Given records:
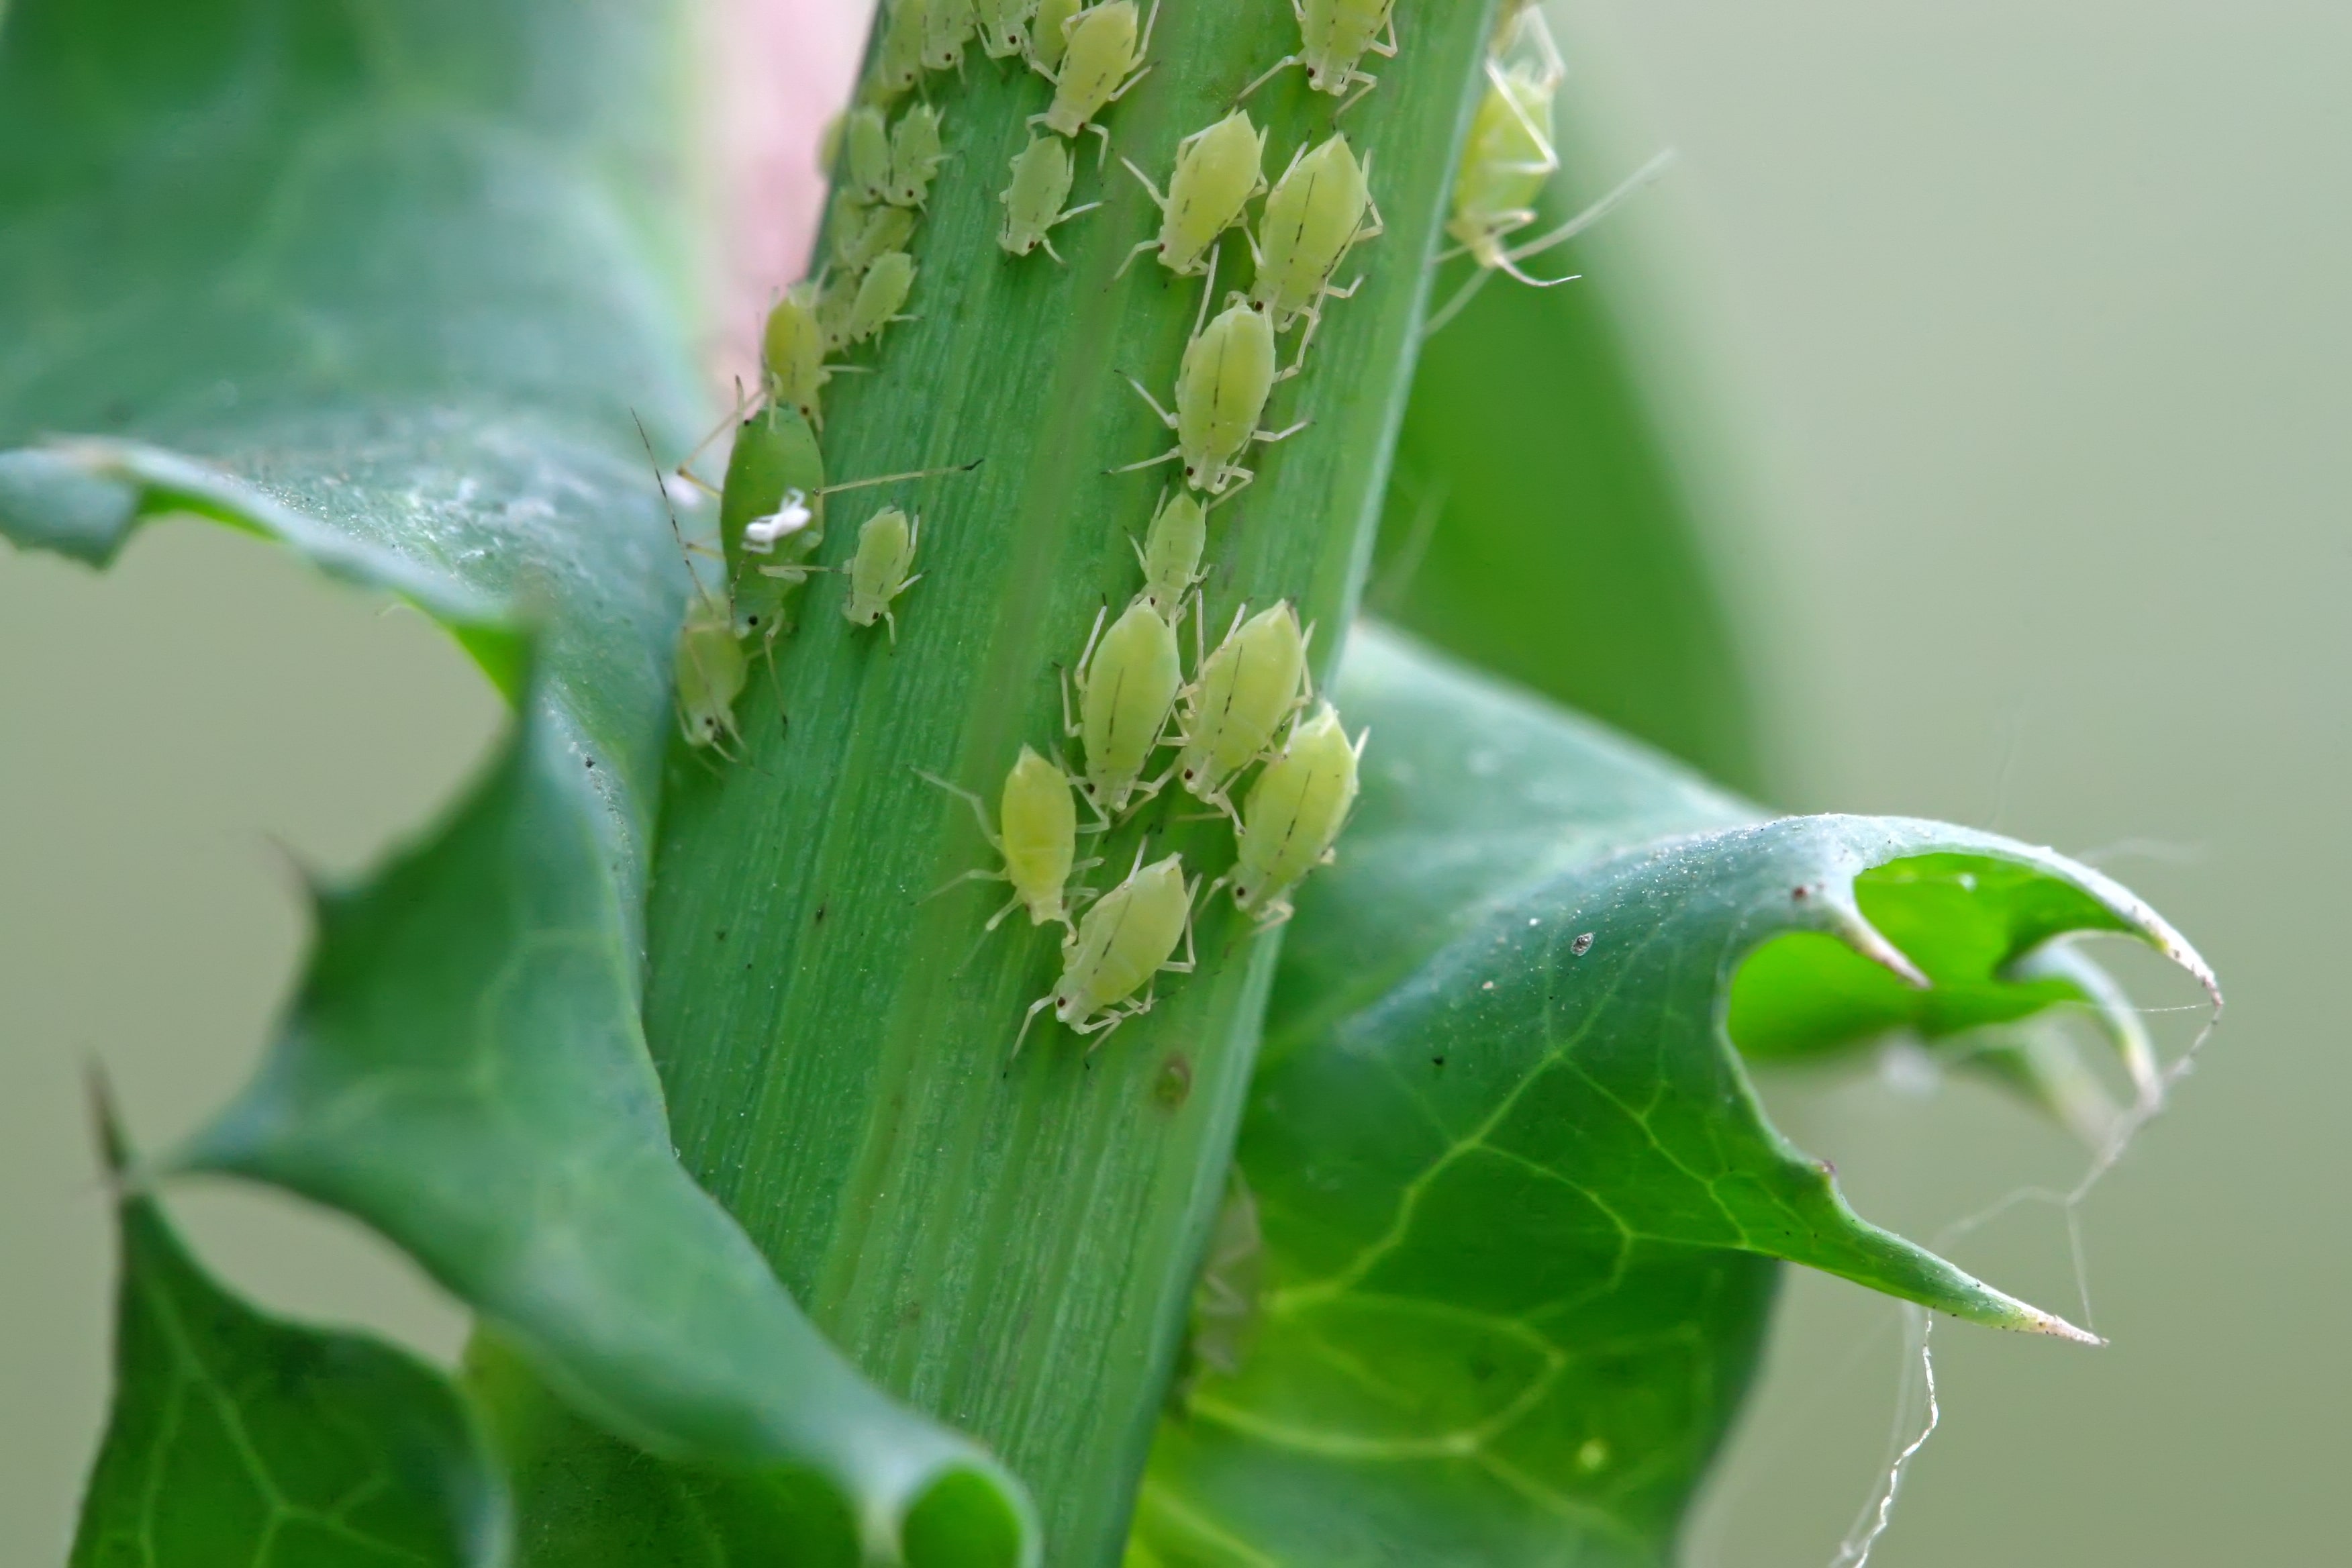 Aphids on leaf
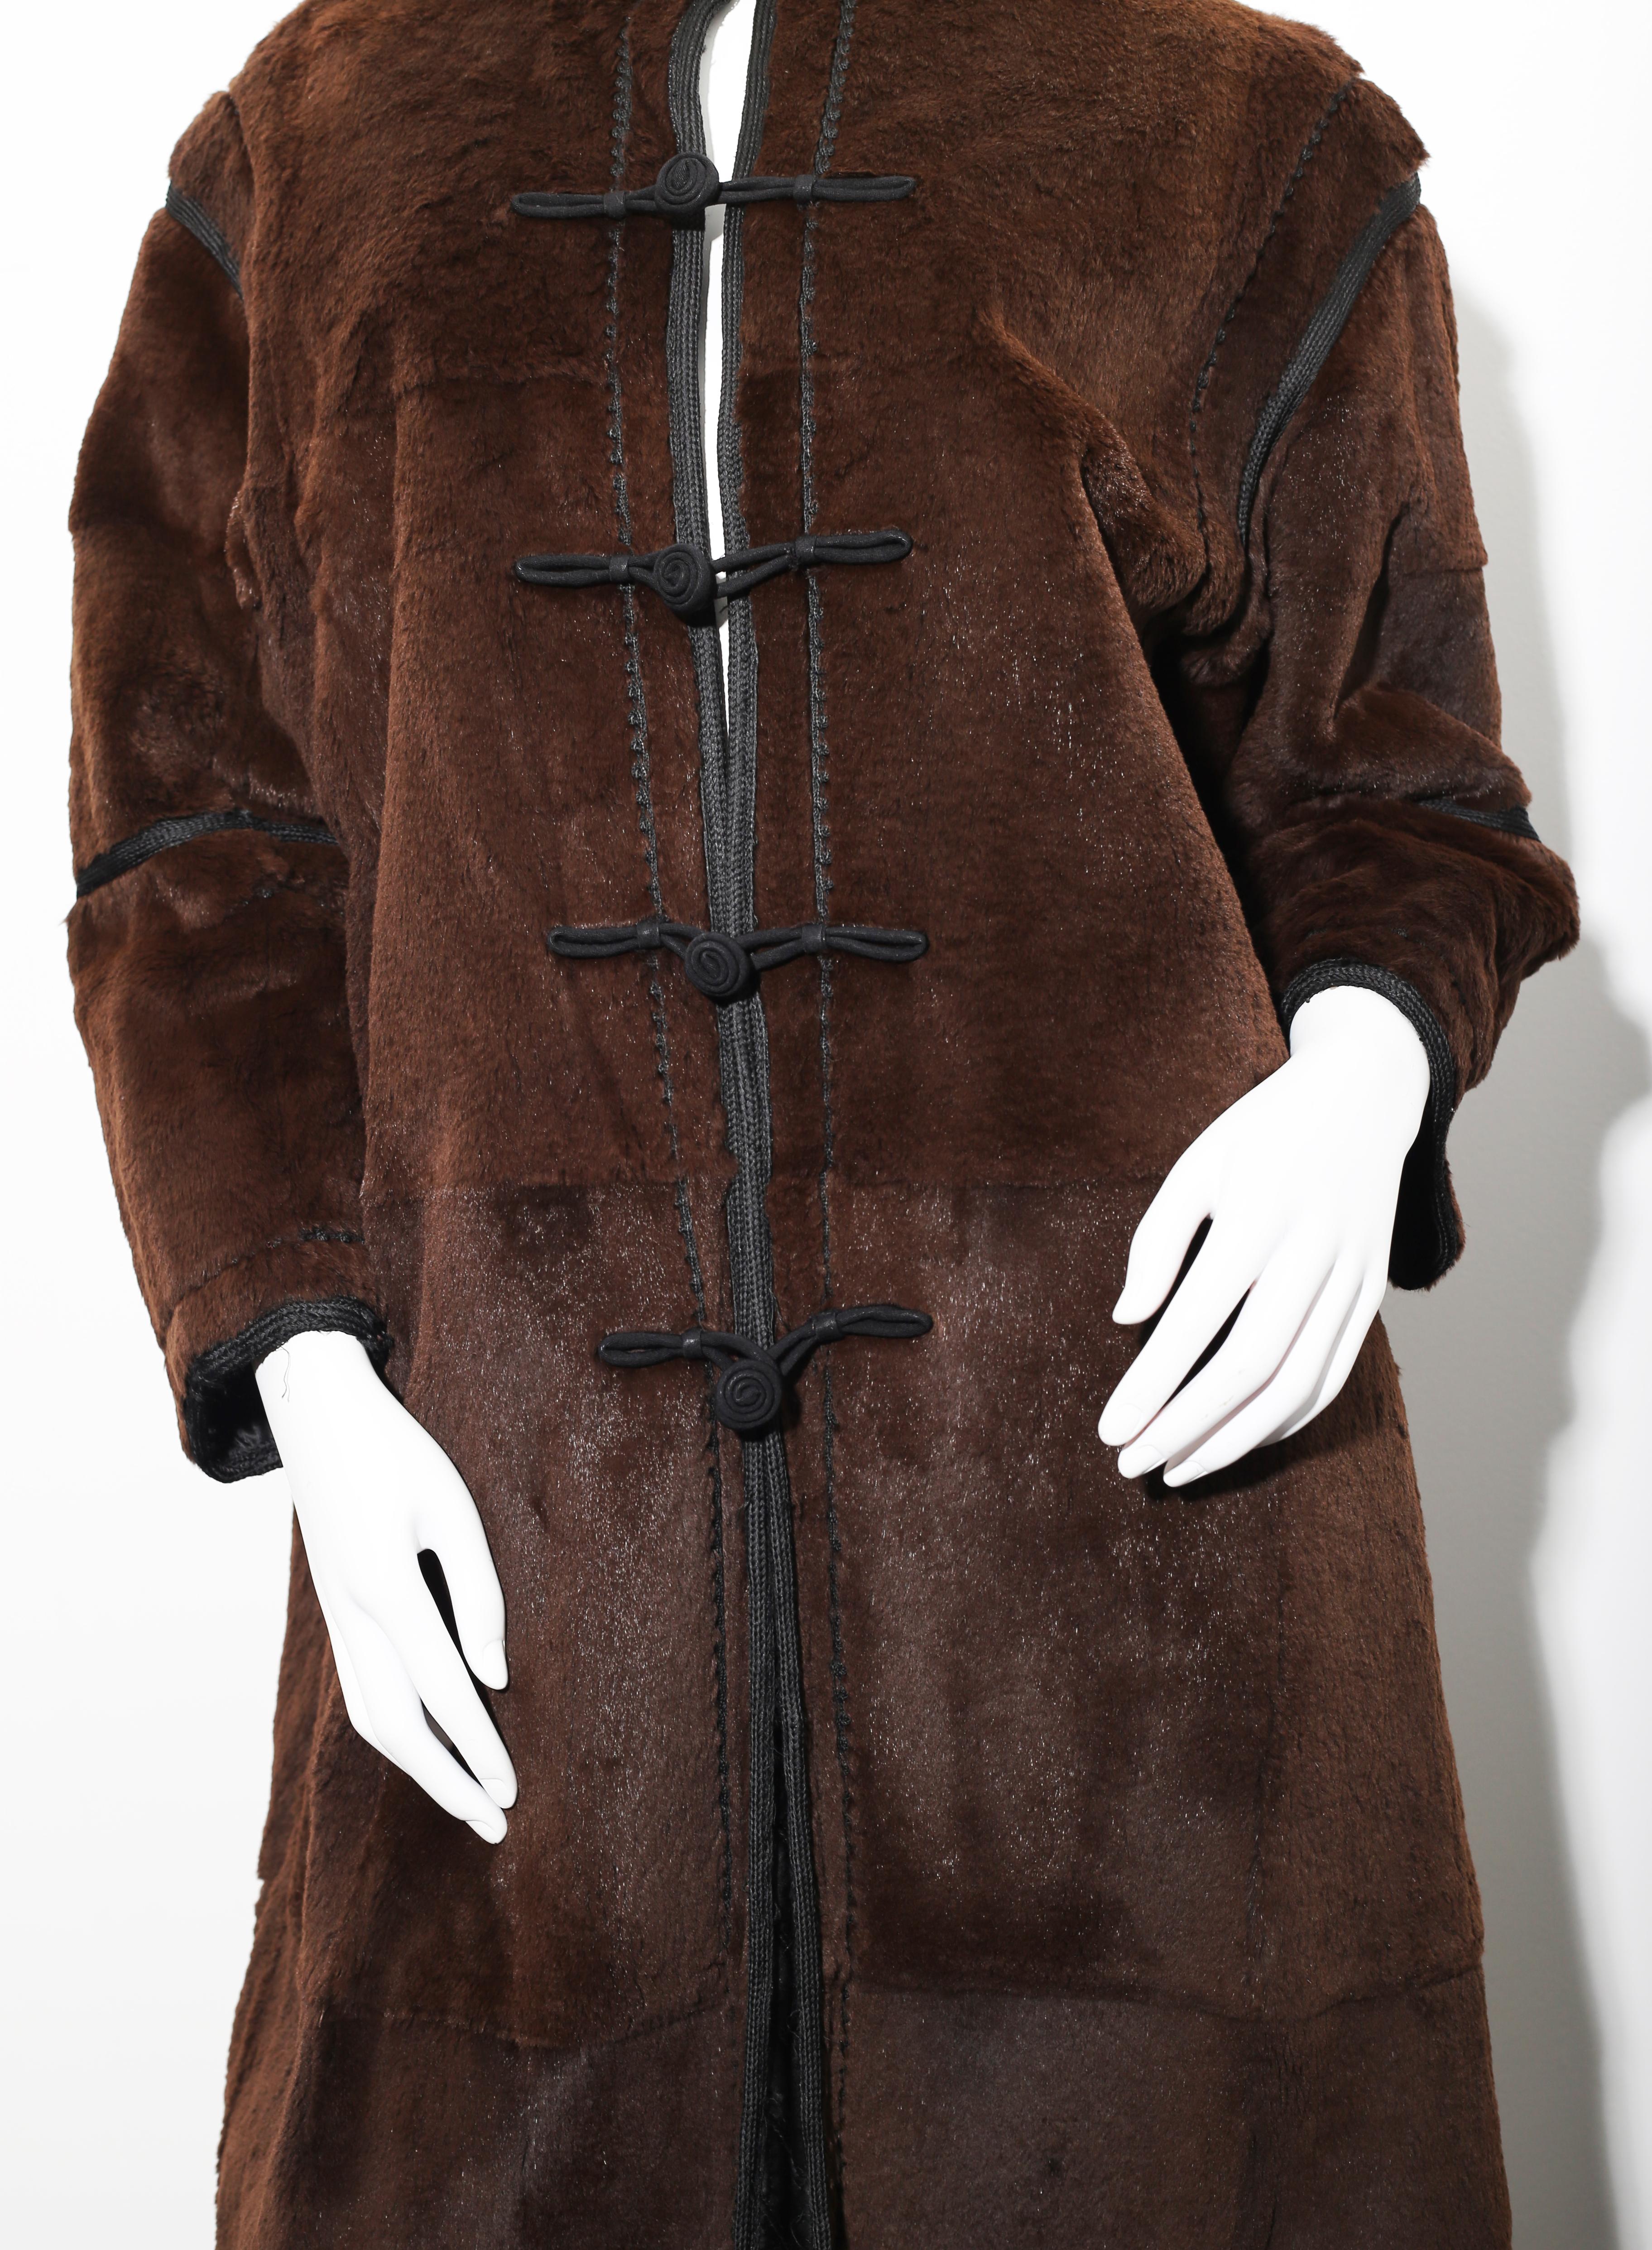 Armani Oriental Style Manteau en cuir de vison brun avec garnitures en soie noire
Taille : 42 FR / 46 IT/ 10 US / 14 UK / EU L
Condition : MINT 
MESURES DU MANTEAU :
LENGTH 105cm 41,33

What the task asks: Set down all of the entries precisely and keep the pictures out of the copy.

Expected answer:
 Aphids on leaf
 Armani Oriental Style Manteau en cuir de vison brun avec garnitures en soie noire
Taille : 42 FR / 46 IT/ 10 US / 14 UK / EU L
Condition : MINT 
MESURES DU MANTEAU :
LENGTH 105cm 41,33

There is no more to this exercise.